In a world already weighed down by too much debt, new troubles are bubbling up. The Ebola virus, terrorist attacks and war are undermining many countries, which means “downside risks have increased” for the global economy.
That gloomy assessment was released Tuesday by the International Monetary Fund. Its forecast for this year’s average global growth slid to 3.3 percent, down 0.4 percentage point from April.
Stock investors, reacting to various reports about slowing global growth, sold shares. By the market’s close, the Dow Jones industrial average had tumbled 272.58 points, or 1.6 percent, to 16719.33.
One man who is feeling particularly pessimistic is Moses Kpughur Tule, director of the Monetary Policy Department at Nigeria’s central bank. He came with a heavy heart to the IMF/World Bank’s annual fall meetings, being held this week in Washington.
Kpughur Tule said that as this year was beginning, he’d had high hopes for West Africa. He saw that in 2013, the nearby countries of Sierra Leone and Liberia had ranked second and sixth among the top 10 countries with the highest GDP growth in the world.

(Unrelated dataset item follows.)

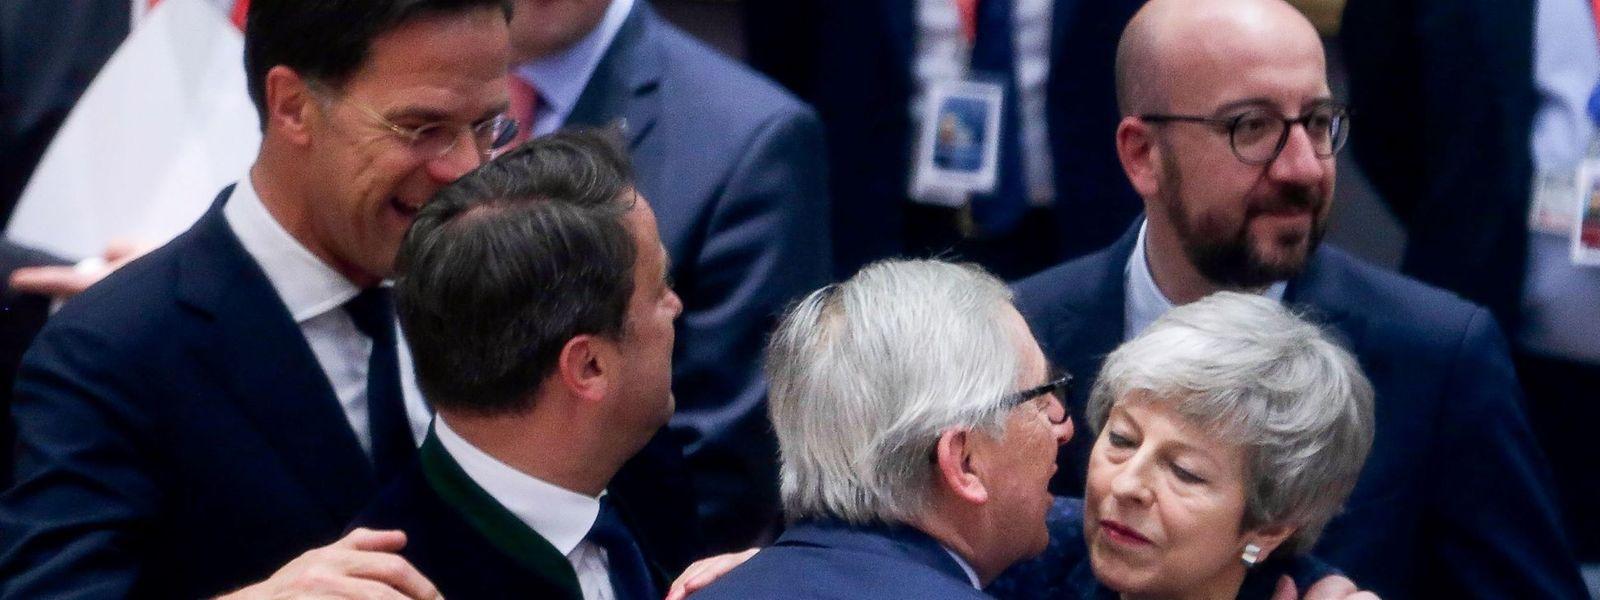 Les chefs d'Etat européens se réunissent ce mardi pour tirer les leçons du scrutin du 26 mai dernier.

He was especially encouraged to see Sierra Leone’s boom in bauxite mining. That growth meant the country, which had been ripped apart by civil war, would be able to rebuild roads and start trading more with Nigeria.
But then this summer, the Ebola virus began killing thousands in West Africa, and suddenly the region’s economic picture changed.

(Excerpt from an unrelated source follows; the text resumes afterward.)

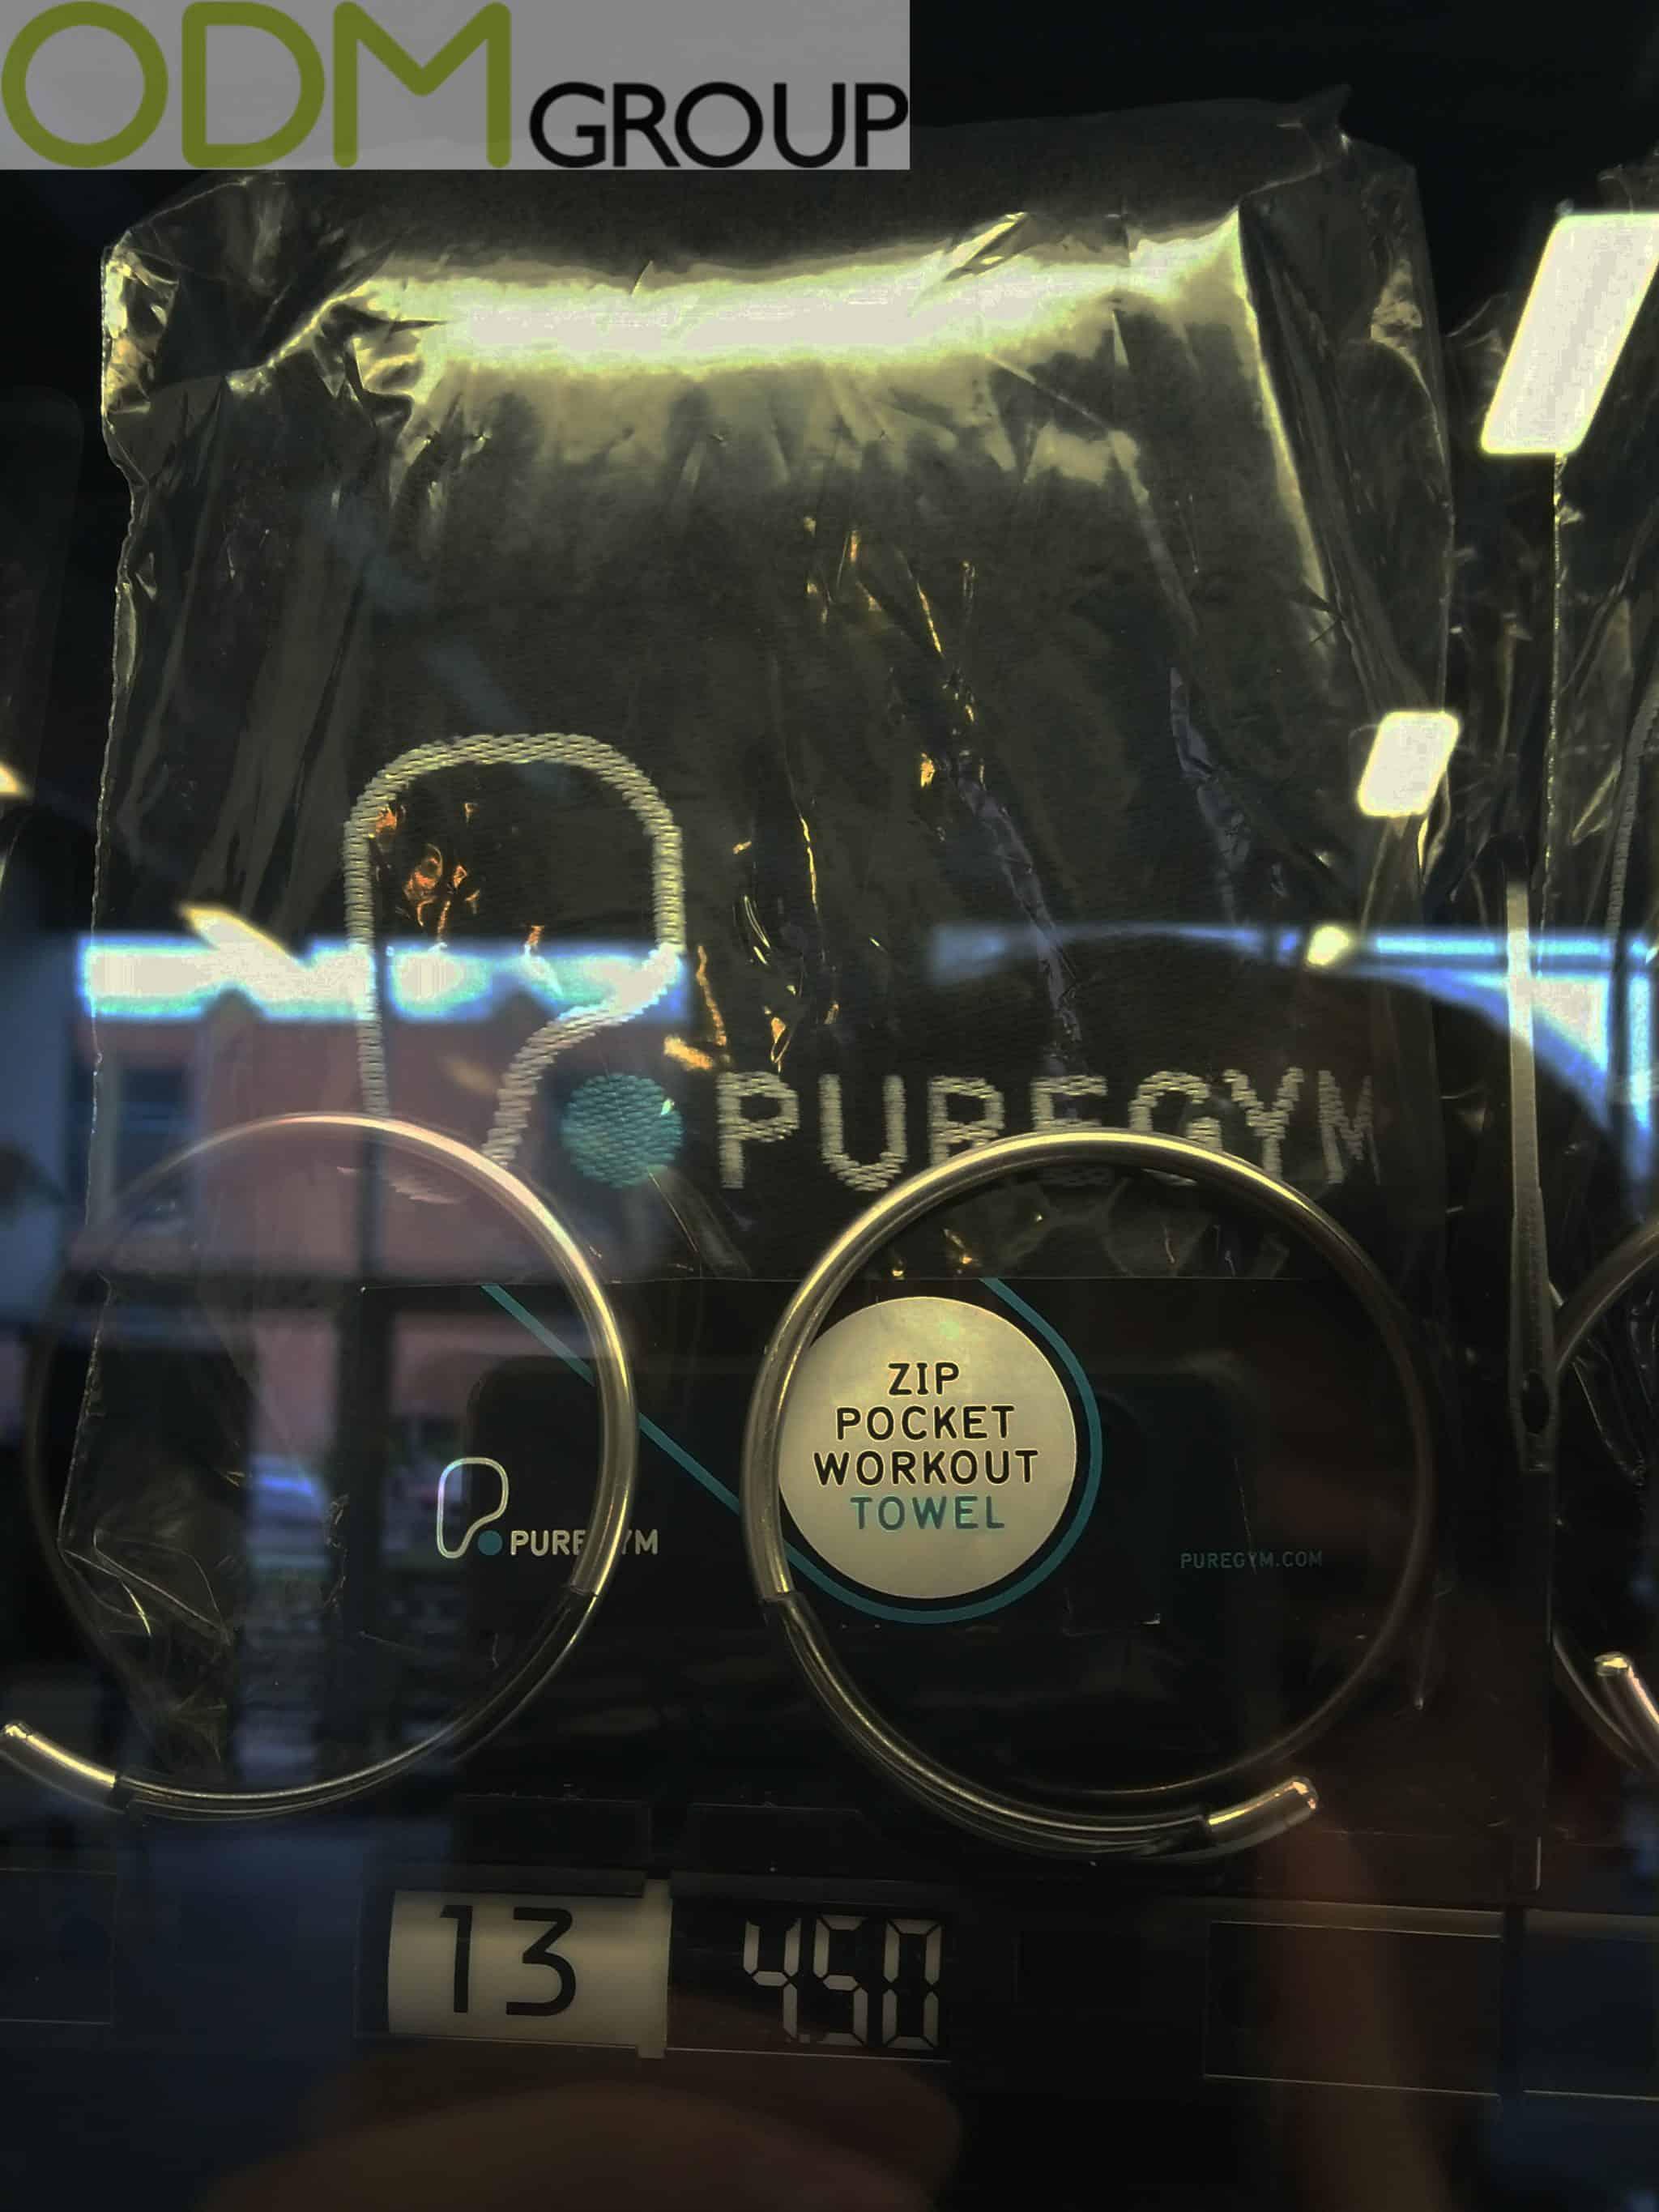 Gym Merchandise - Branded Accessories

“Ebola is definitely having a broad impact,” Kpughur Tule said.
The disease has disrupted mining operations and air travel. Curfews have made it difficult for people to get to work in Sierra Leone and Liberia, he said. For business owners, such troubles mean “you can’t restock when you run out of inventory,” he said. “You can’t export or import – so it’s having a big impact on the whole region.”
At this point, the IMF and World Bank are still projecting most African economies will expand at a moderate pace. But for the continent, there are growing “downside risks that require enhanced preparedness” by governments. Such preparations could mean taking on more government debt and having less revenue for building infrastructure, Kpughur Tule noted.

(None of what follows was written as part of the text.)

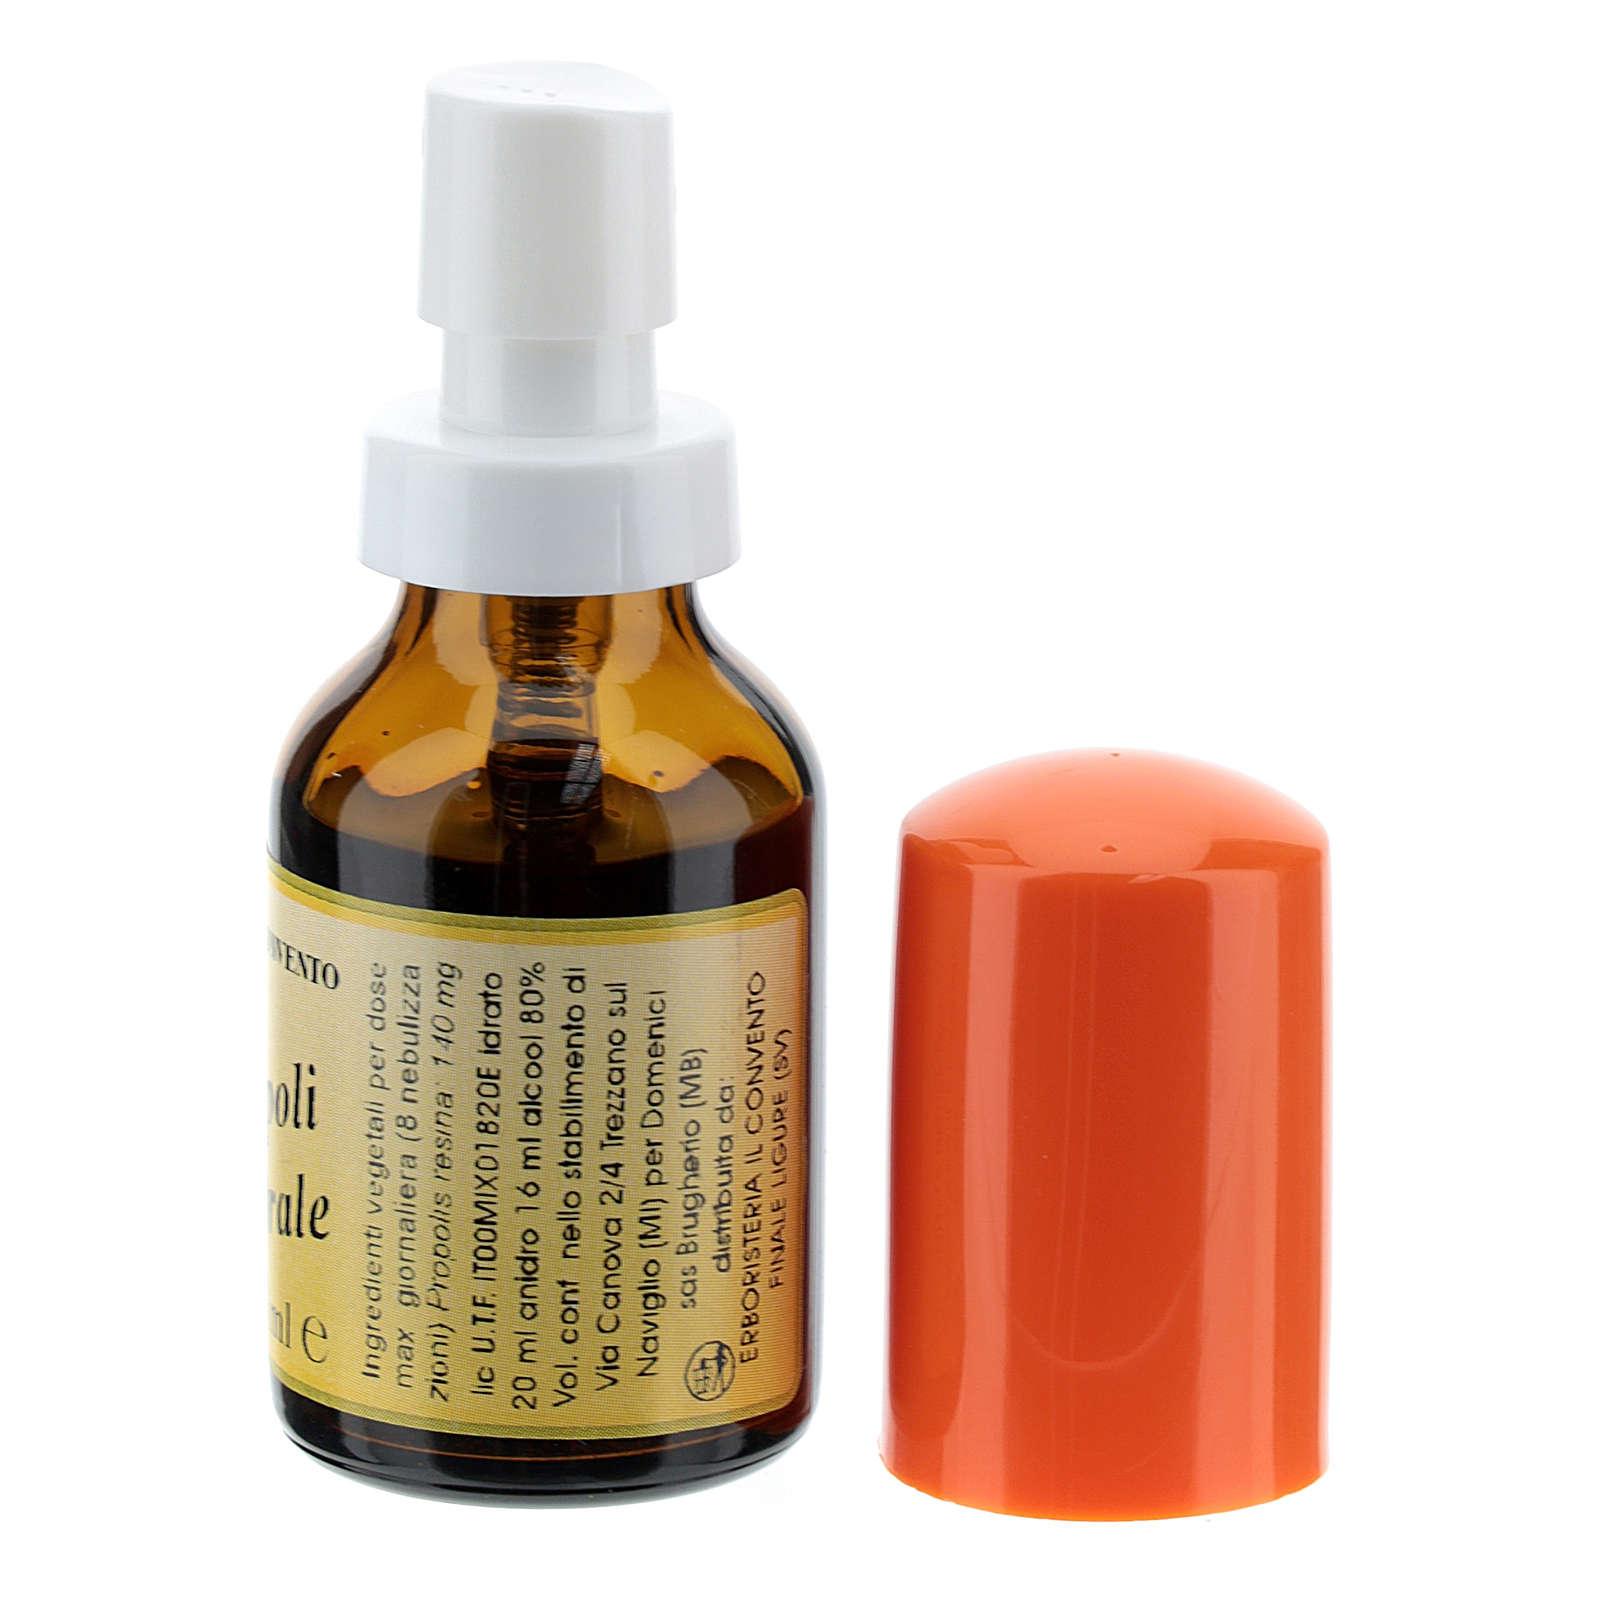 Bee propolis oral spray- Finalpia Benedictine Herbalist 3

But Africa is far from being the only place with worries. In the Middle East, growth will be only “modest” because the region is being dragged down by “a civil war in Syria, the Islamic State’s (ISIS) control of large swathes of Syria and Iraq, a devastating war in Gaza, ongoing insurgencies in Libya and Yemen; largely unfinished transitions in Egypt and Tunisia, and uncertainty about world oil prices,” according to a World Bank assessment.
Here’s a wrapup of IMF and World Bank assessments for other areas:
– In Europe, growth continues to disappoint. Economists see a gradual, but weak, recovery taking hold, but also say the risk of another recession is rising.
– In Russia, the conflict with Ukraine has brought on tough economic sanctions. Growth in 2015 will be only a miserable 0.5 percent.
– In China, growth is expected to decline slightly.
– In Latin America, the growth rate will decrease by half this year, to just 1.3 percent.
But if you happen to live in the United States, you should cheer up – your outlook is good.
The IMF says the U.S. economy is experiencing “robust employment growth.” Economists see 3 percent growth in the United States in 2015, and expect “strong” employment growth in the coming year.